** WHAT THIS TASK INVOLVES **
The pictures get dropped, while every remaining part of the listing is copied exactly.

** GIVEN DATA **
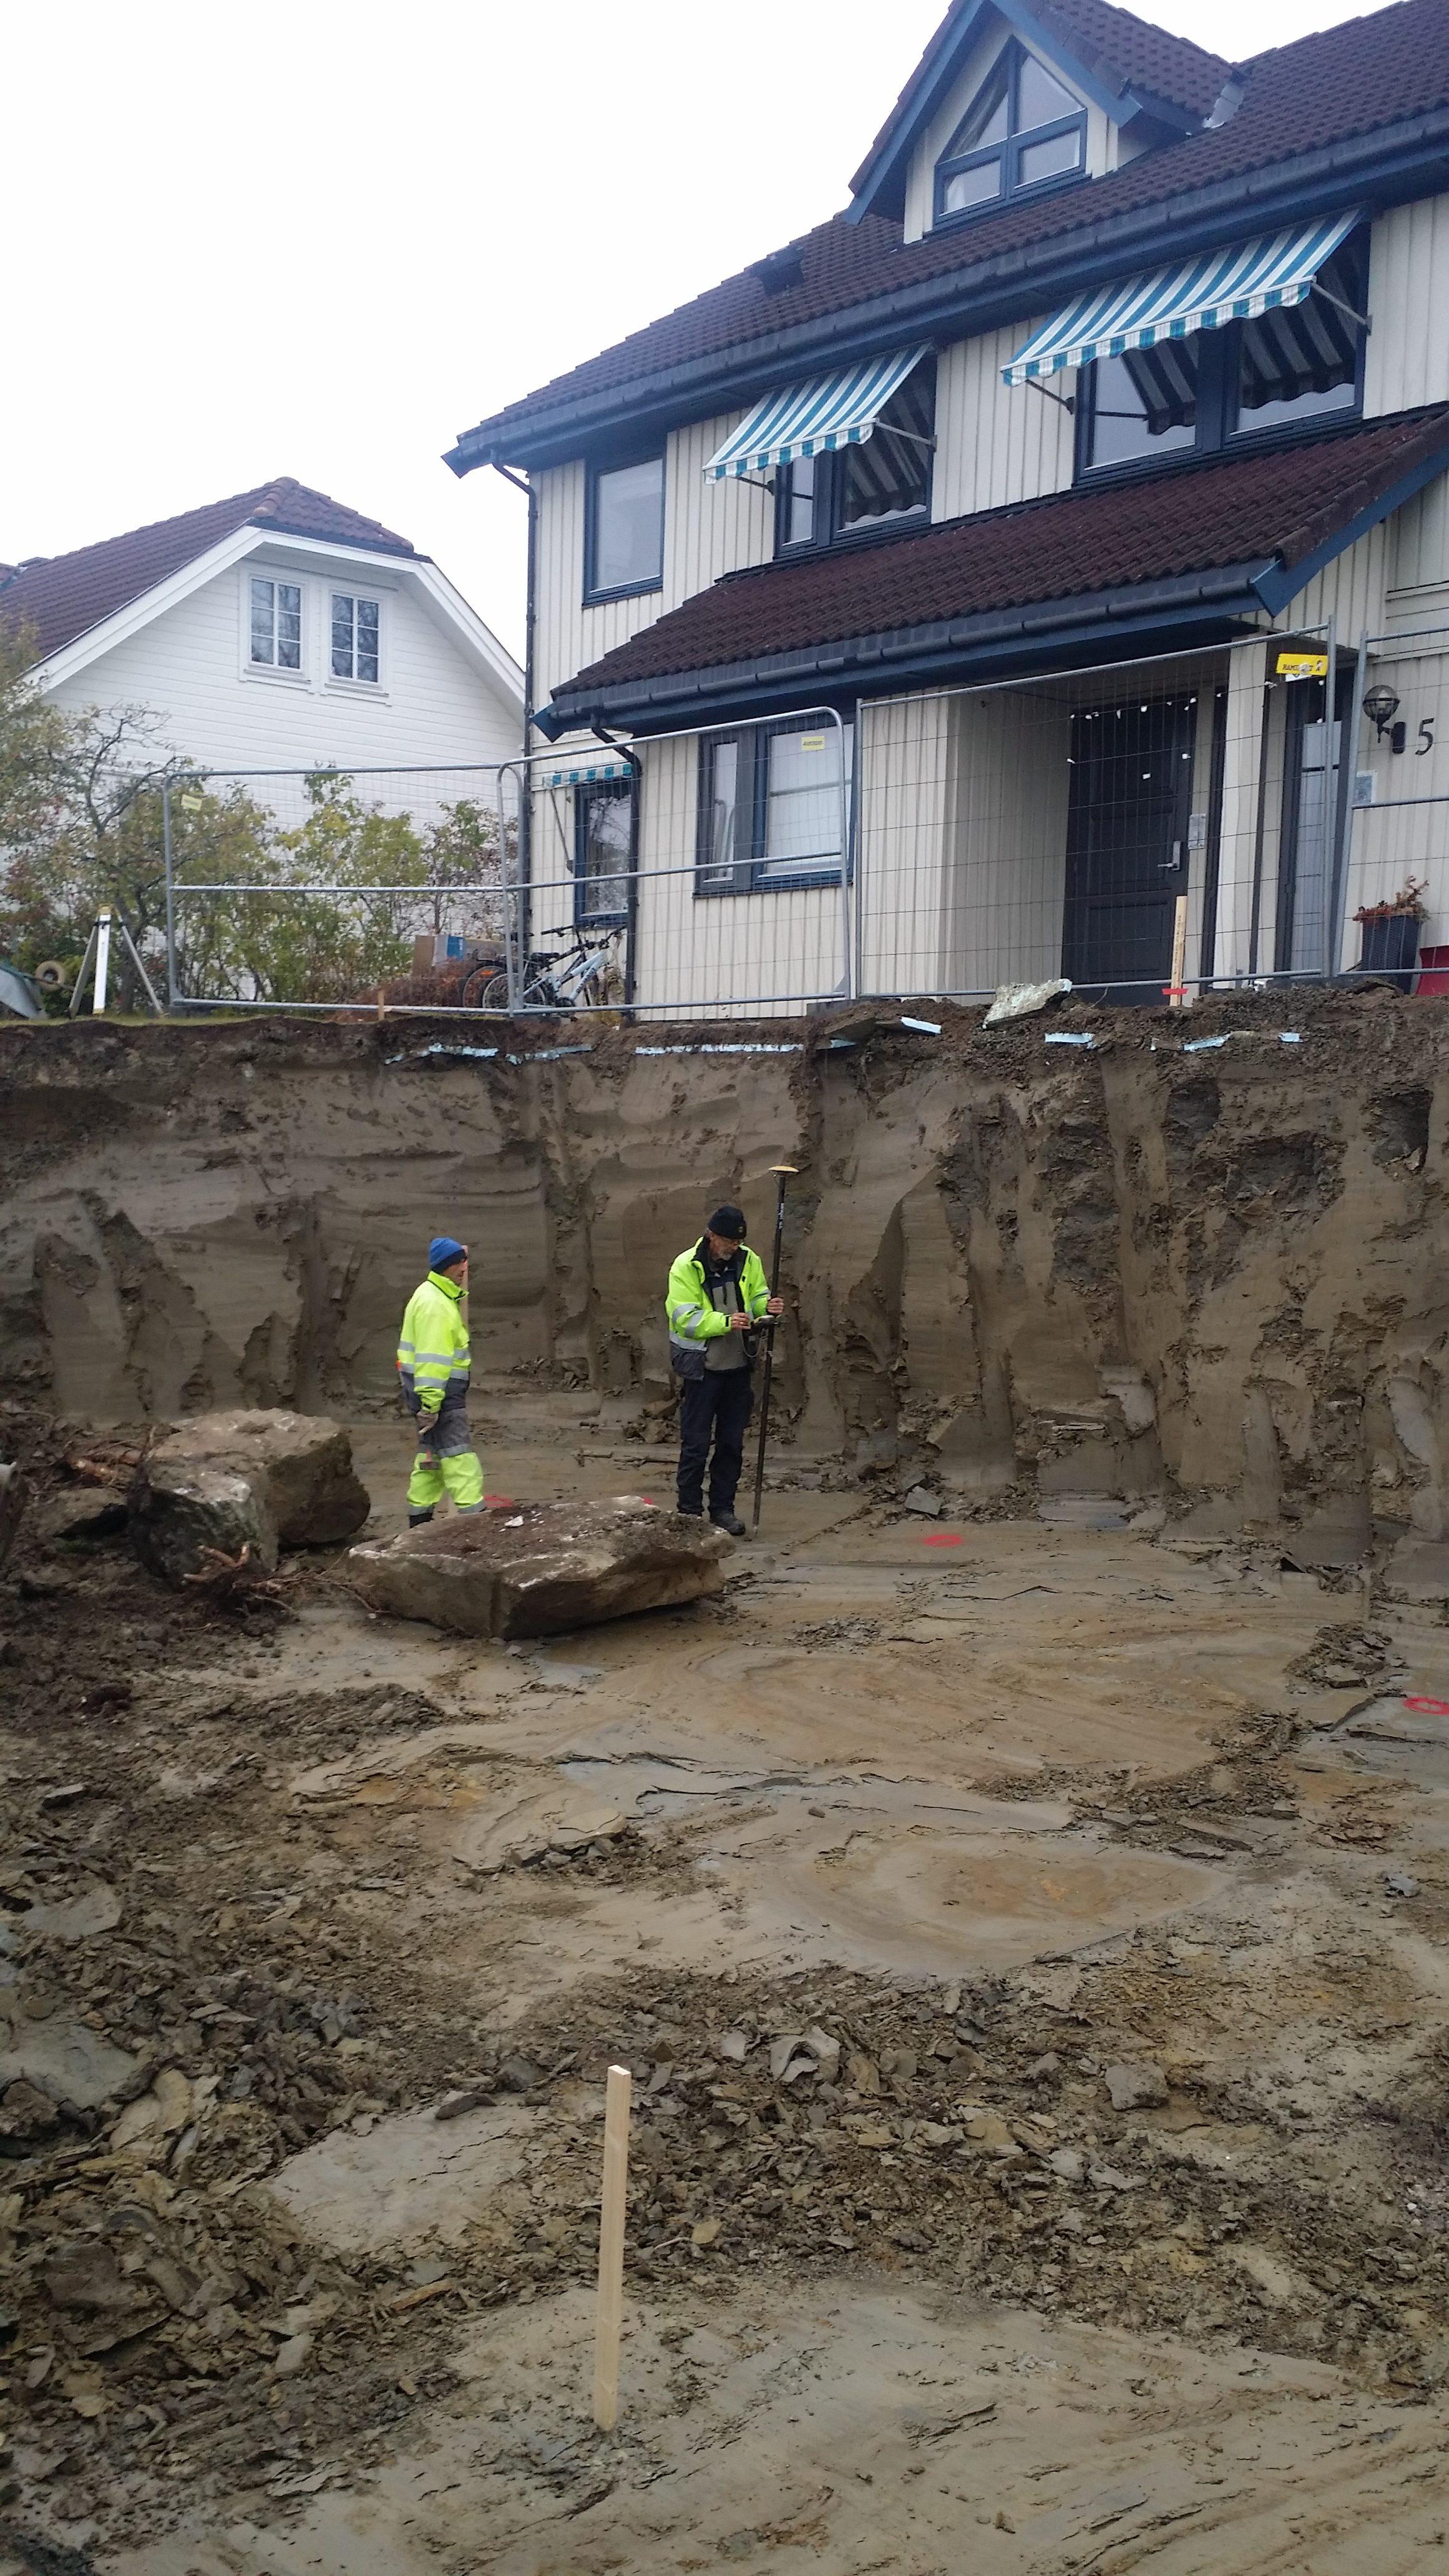 Oppmåling etter utgraving
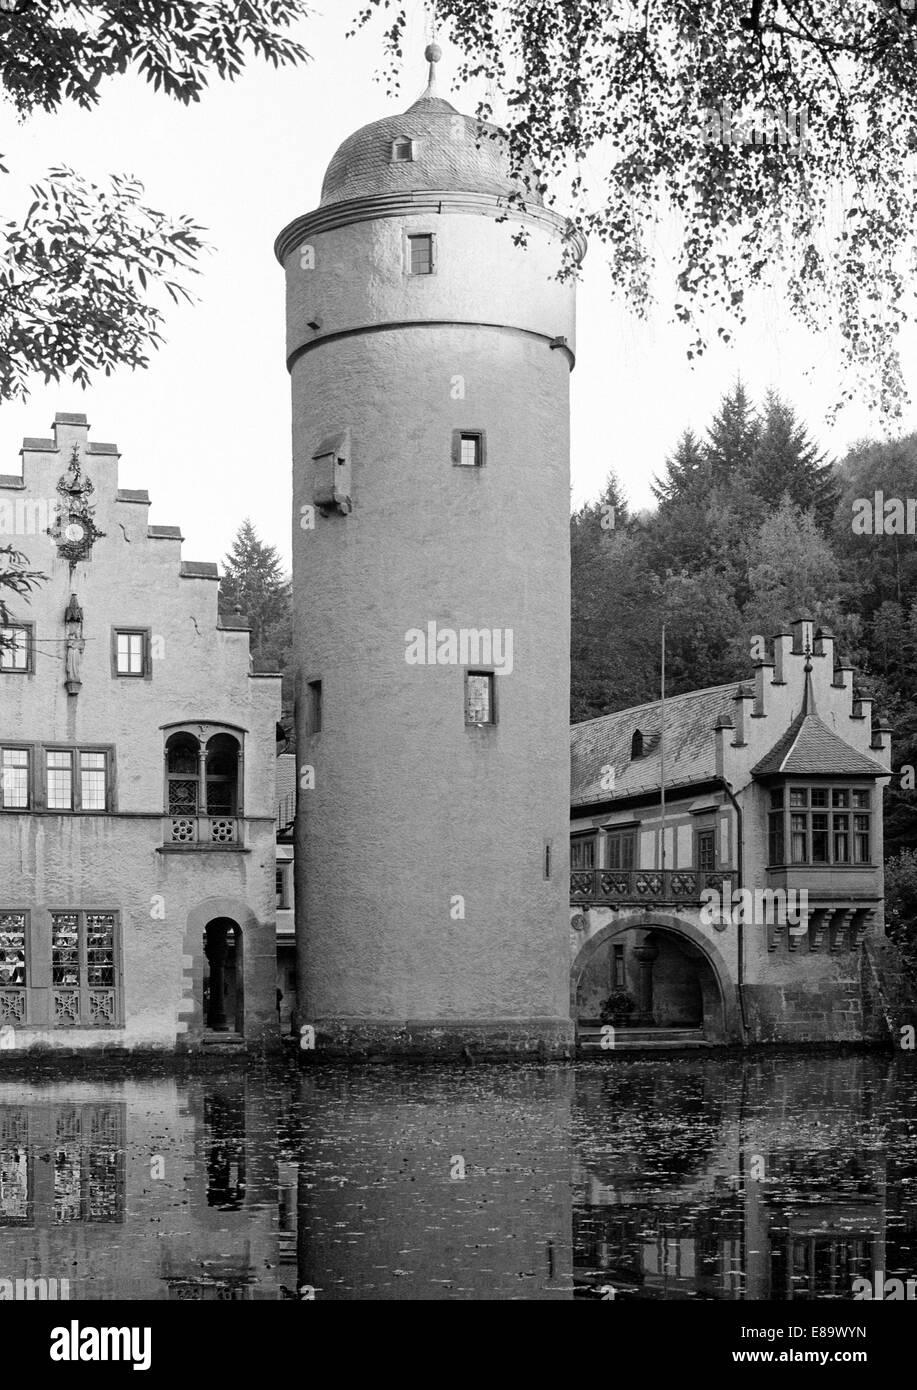 Siebziger Jahre, Wasserschloss Mespelbrunn im Spessart, Naturpark Bayerischer Spessart, Unterfranken, Bayern - Stock Image
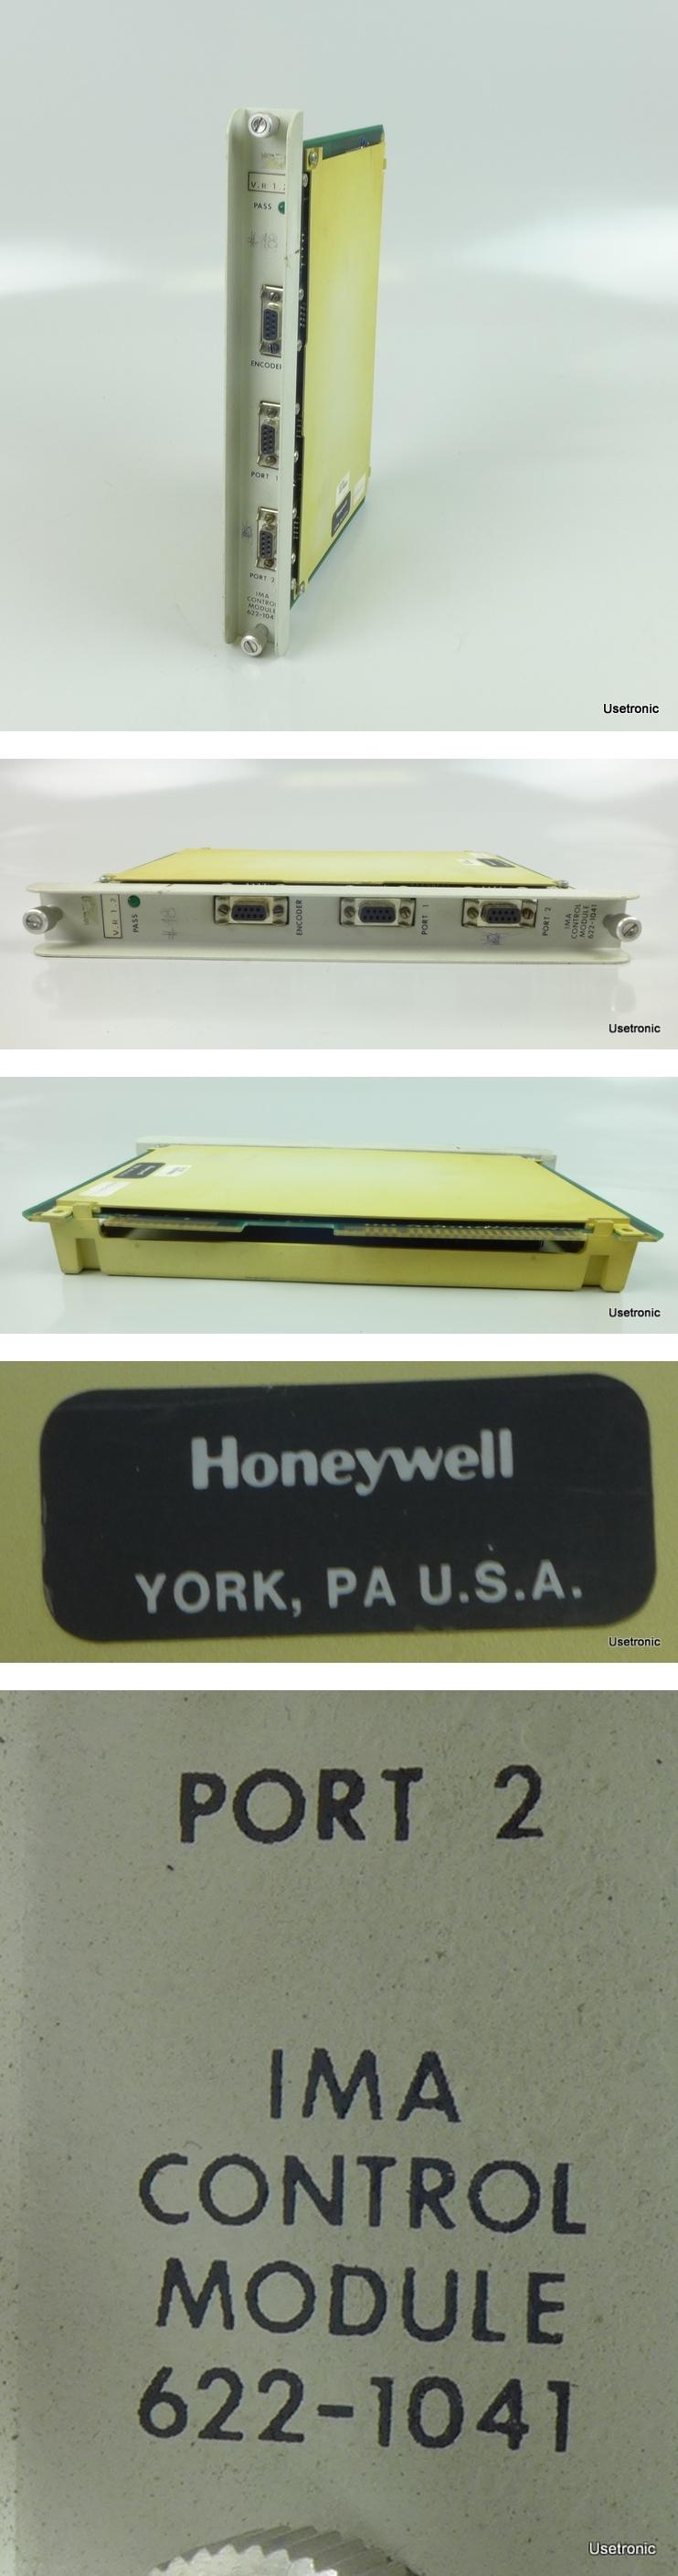 Honeywell 622-1041

** RESULT FOR THIS EXERCISE **
 Oppmåling etter utgraving
 Siebziger Jahre, Wasserschloss Mespelbrunn im Spessart, Naturpark Bayerischer Spessart, Unterfranken, Bayern - Stock Image
 Honeywell 622-1041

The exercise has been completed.